Jul 3

9:30 am

## Modeling Heterogeneity Within and Between Arrays

### Bailey Fosdick

General Exam

University of Washington - Statistics

Data that can be represented in the form of an array is present in many of the social and biological sciences. In this talk we address two statistical problems concerning these data. The first problem is modeling the heterogeneity along the dimensions of an array. Previously developed models are either non-stochastic and difficult to interpret, or require a large number of parameters prohibiting likelihood based inference for some arrays. We propose a model called Kronecker structured factor analysis, where each array dimension has a covariance matrix that is specified to be unstructured, have factor analytic structure, or equal the identity. A likelihood ratio testing procedure is provided to guide specification of the covariance structure for each dimension. We demonstrate the use of this model with data from the Human Mortality Database.

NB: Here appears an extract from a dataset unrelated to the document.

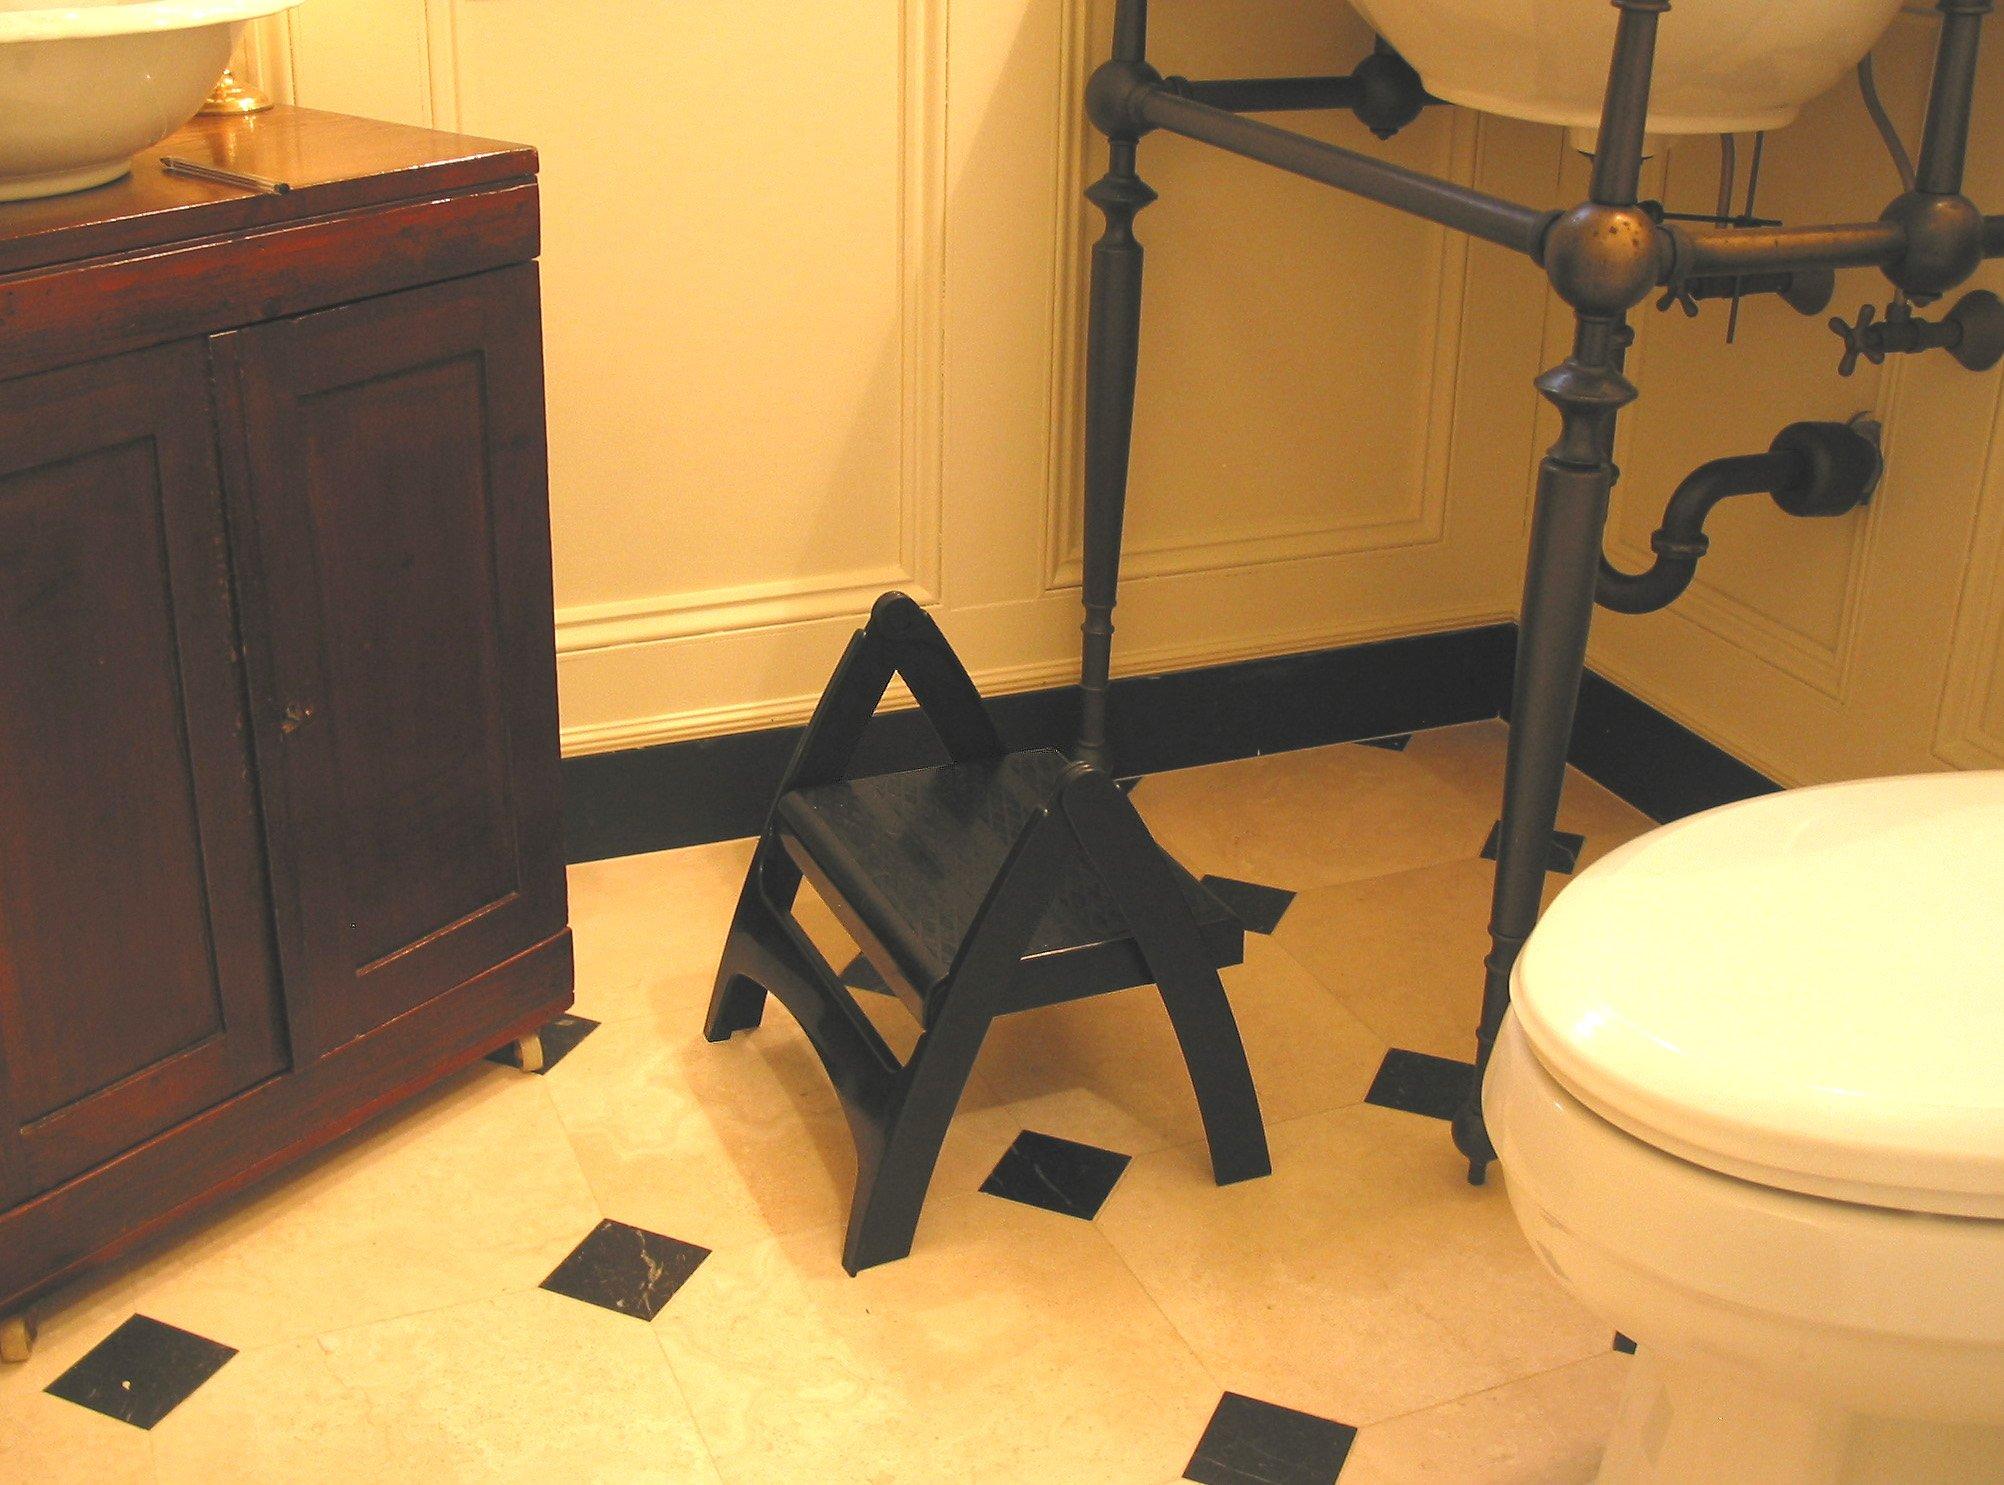 Adams Manufacturing 8530-02-3731 Quik-Fold Step Stool, Black

The second statistical problem we consider is how to relate matrices that share repeated dimensions, or index sets. We discuss this problem in the context of relating a social network to nodal attributes. A test of association between the network and nodal attributes is formulated and a joint model is proposed. This model extends the model in Hoff (2009) to incorporate joint dependence between the network and node variables. Invariances present in the model are addressed via a simplified parameterization of the network effects. We apply this model to high school friendship networks from the National Longitudinal Study of Adolescent Health and investigate the relationship between the network and behavioral characteristics such as drinking, smoking, and grade point average.